Follow the instructions in this section to configure high availability (HA) for JobTracker.

Configuring MapReduce (MRv1) JobTracker High Availability Using Cloudera Manager
- Enabling JobTracker High Availability
- Disabling JobTracker High Availability
Configuring MapReduce (MRv1) JobTracker High Availability Using the Command Line
Usage Notes
- Using the JobTracker Web UI
- Turning off Job Recovery

Configuring MapReduce (MRv1) JobTracker High Availability Using Cloudera Manager

Minimum Required Role: Cluster Administrator (also provided by Full Administrator)

You can use Cloudera Manager to configure CDH 4.3 or later for JobTracker high availability (HA). Although it is possible to configure JobTracker HA with CDH 4.2, it is not recommended. Rolling restart, decommissioning of TaskTrackers, and rolling upgrade of MapReduce from CDH 4.2 to CDH 4.3 are not supported when JobTracker HA is enabled.

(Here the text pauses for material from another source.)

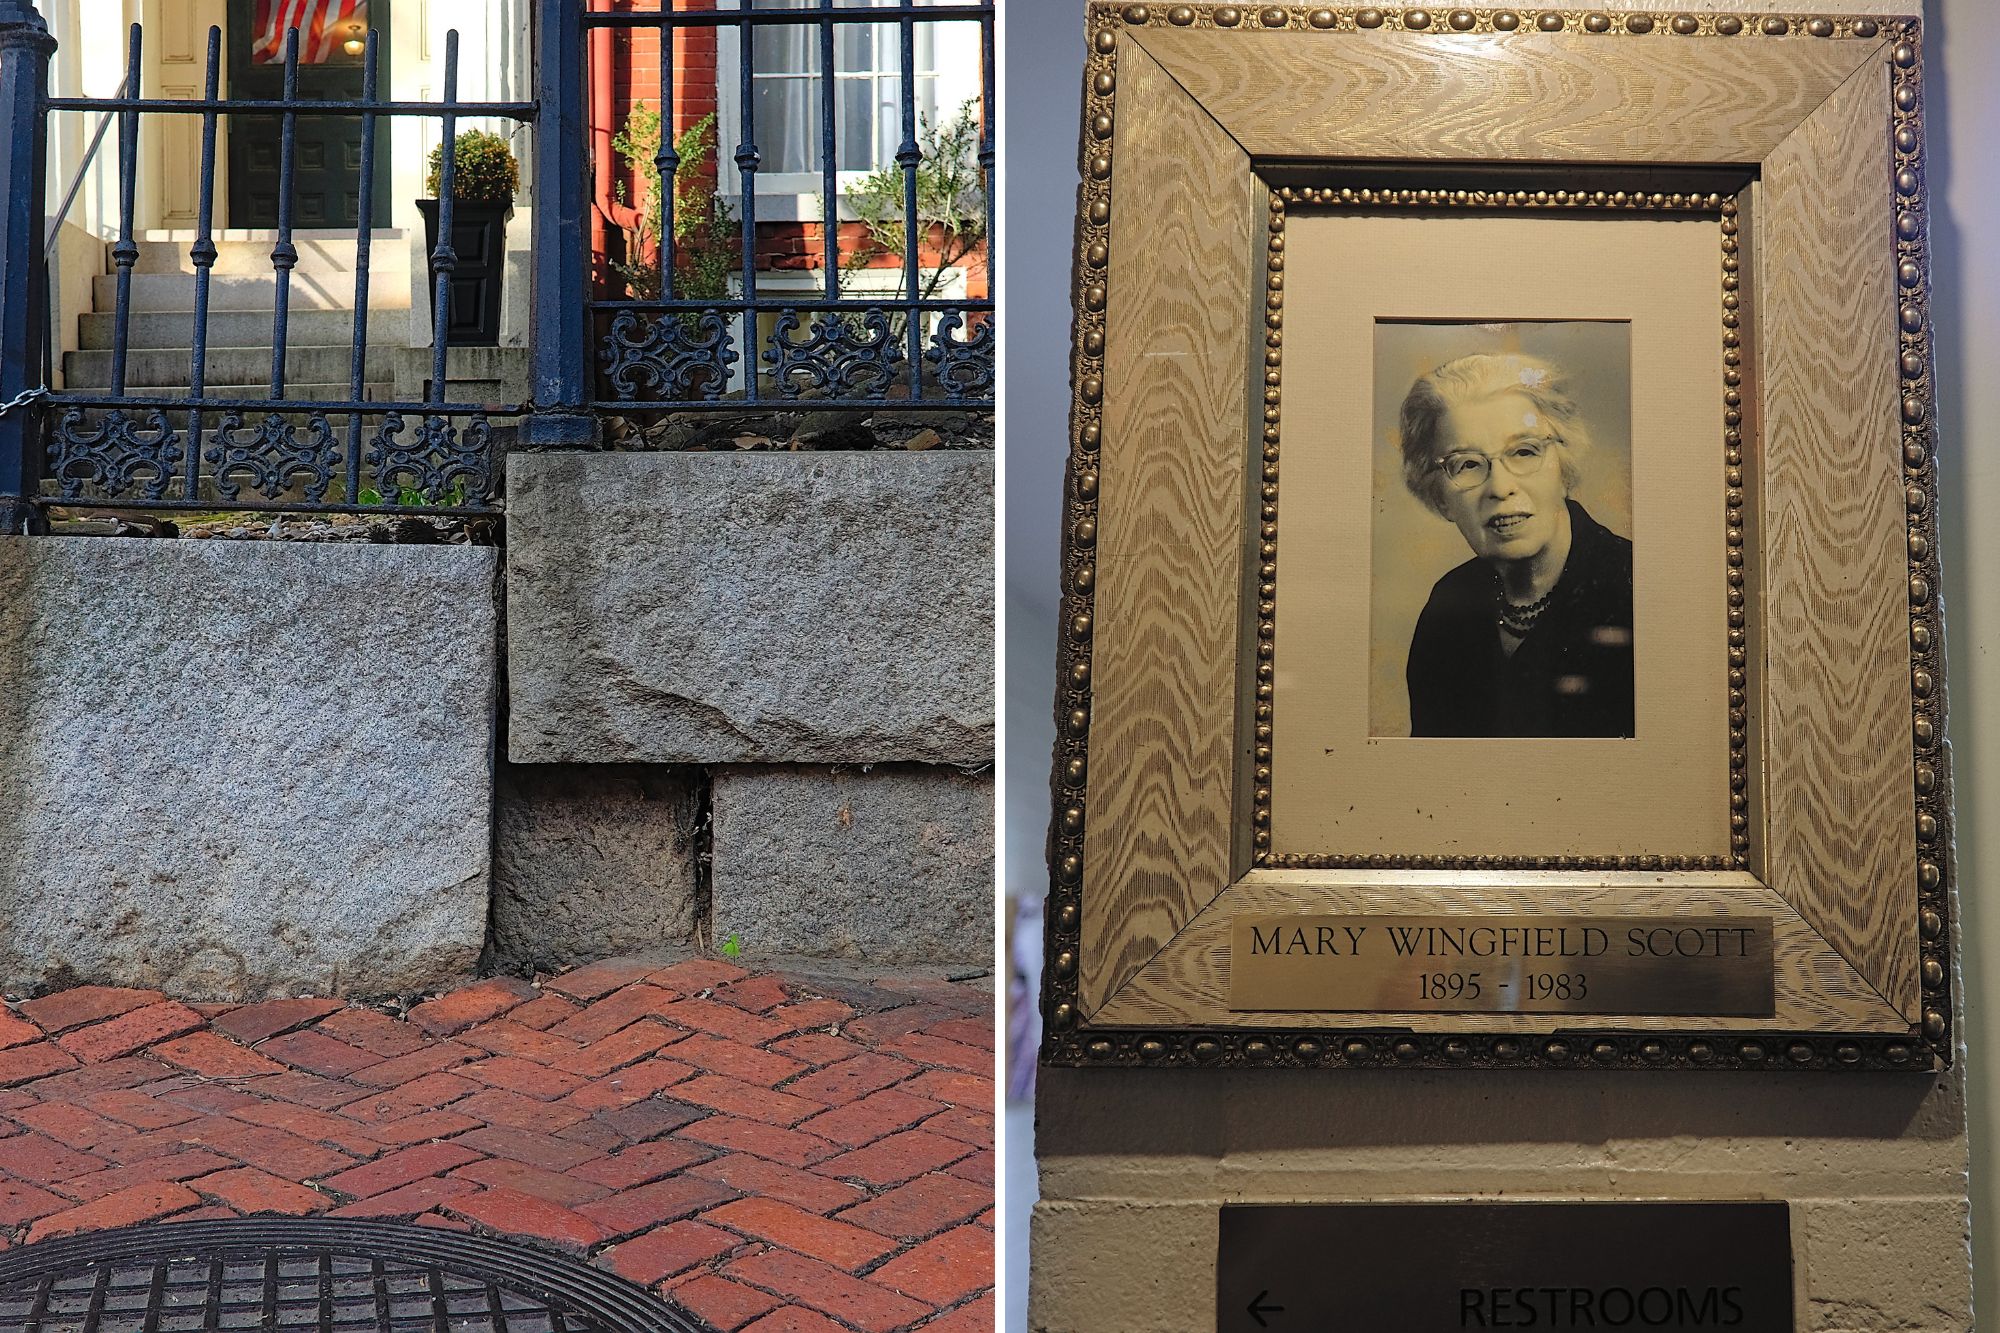 Two images taken at Linden Row Inn: the foundation marking where the original and newer buildings meet, and a photo of Mary Wingman Scott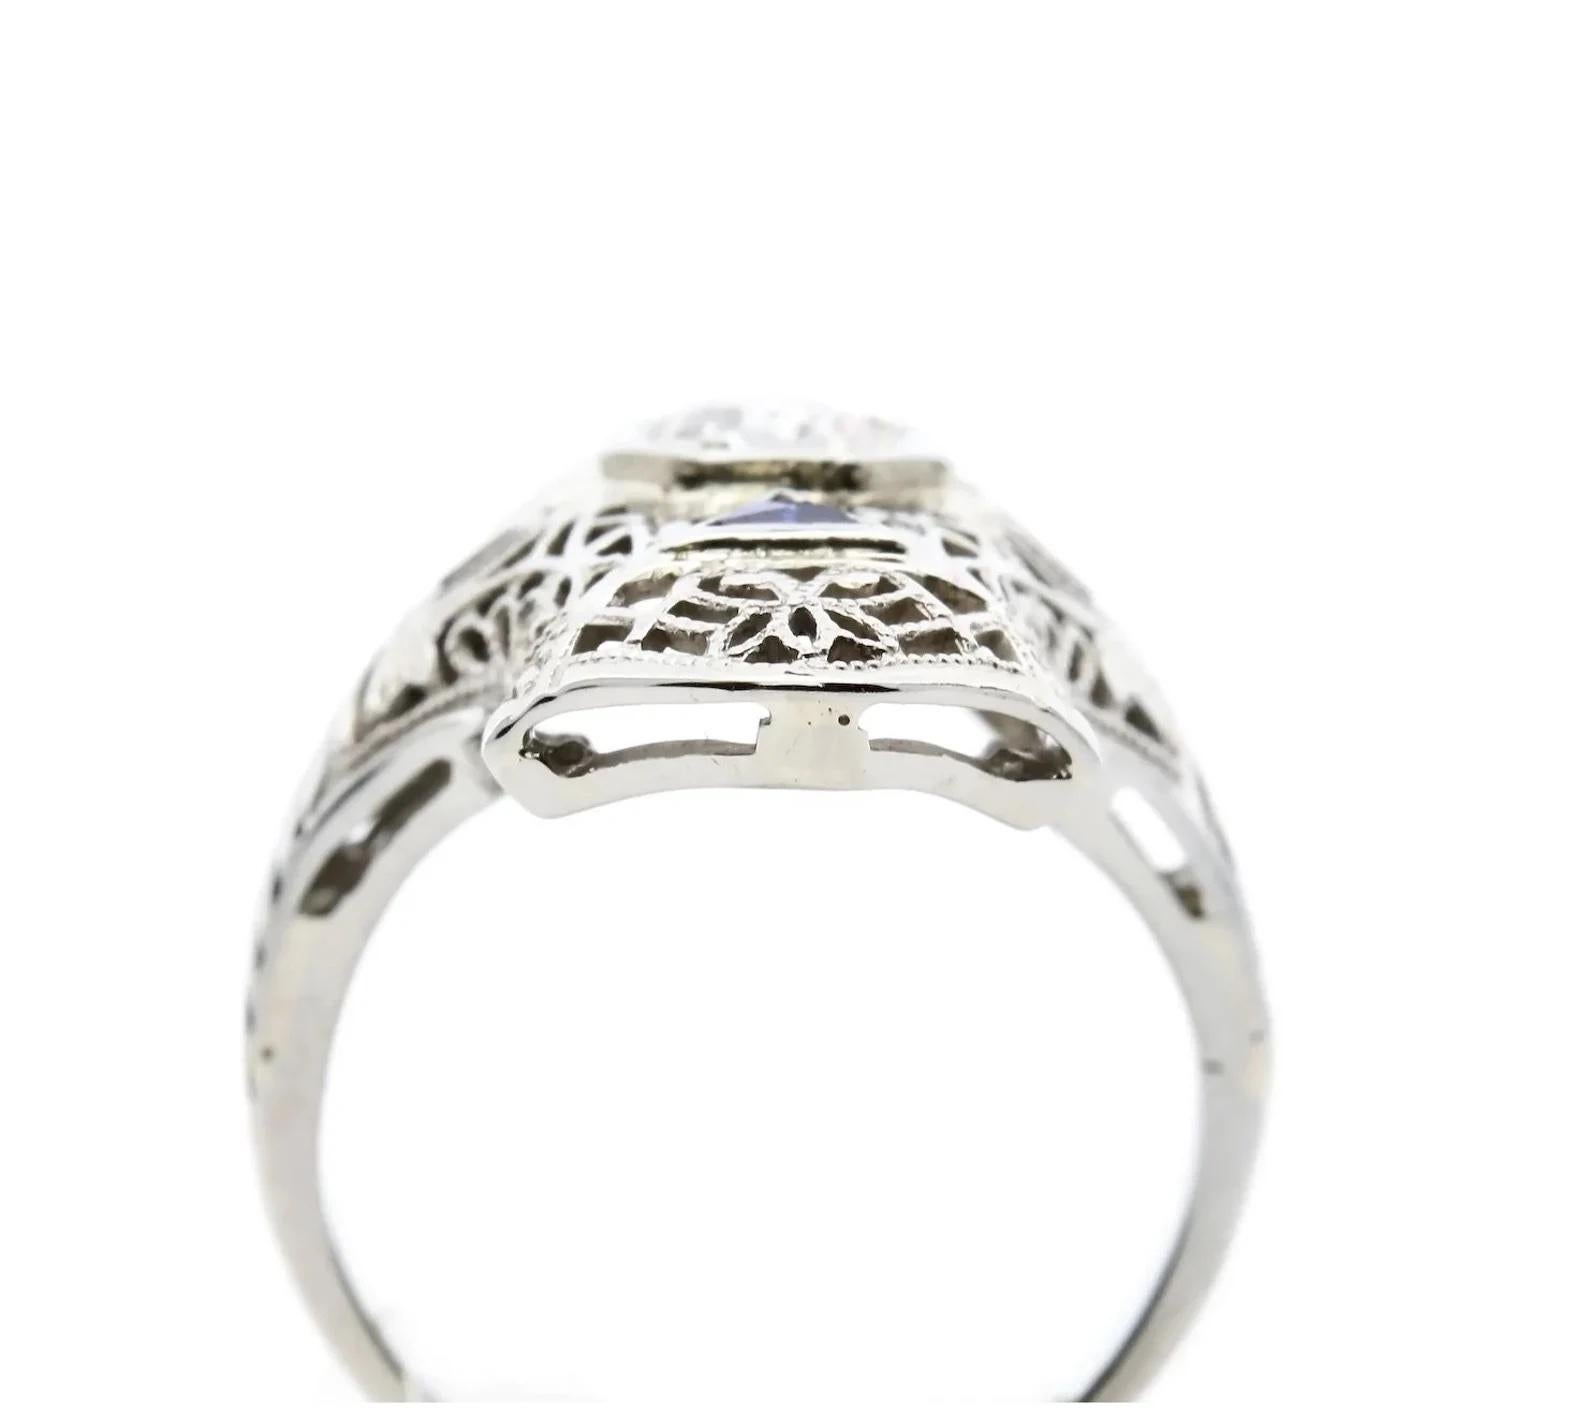 Art Deco Diamond & French Cut Sapphire Trilogy Cocktail Ring in 18K White Gold In Good Condition For Sale In Boston, MA

Cloudera Manager supports automatic failover of the JobTracker. It does not provide a mechanism to manually force a failover through the Cloudera Manager user interface.

Enabling JobTracker High Availability

The Enable High Availability workflow leads you through adding a second (standby) JobTracker:

Go to the MapReduce service.
Select Actions > Enable High Availability. A screen showing the hosts that are eligible to run a standby JobTracker displays. The host where the current JobTracker is running is not available as a choice.
Select the host where you want the Standby JobTracker to be installed, and click Continue.
Enter a directory location on the local filesystem for each JobTracker host. These directories will be used to store job configuration data.
- You may enter more than one directory, though it is not required. The paths do not need to be the same on both JobTracker hosts.
- If the directories you specify do not exist, they will be created with the appropriate permissions. If they already exist, they must be empty and have the appropriate permissions.
- If the directories are not empty, Cloudera Manager will not delete the contents.
Optionally use the checkbox under Advanced Options to force initialize the ZooKeeper znode for auto-failover.
Click Continue. Cloudera Manager executes a set of commands that stop the MapReduce service, add a standby JobTracker and Failover controller, initialize the JobTracker high availability state in ZooKeeper, create the job status directory, restart MapReduce, and redeploy the relevant client configurations.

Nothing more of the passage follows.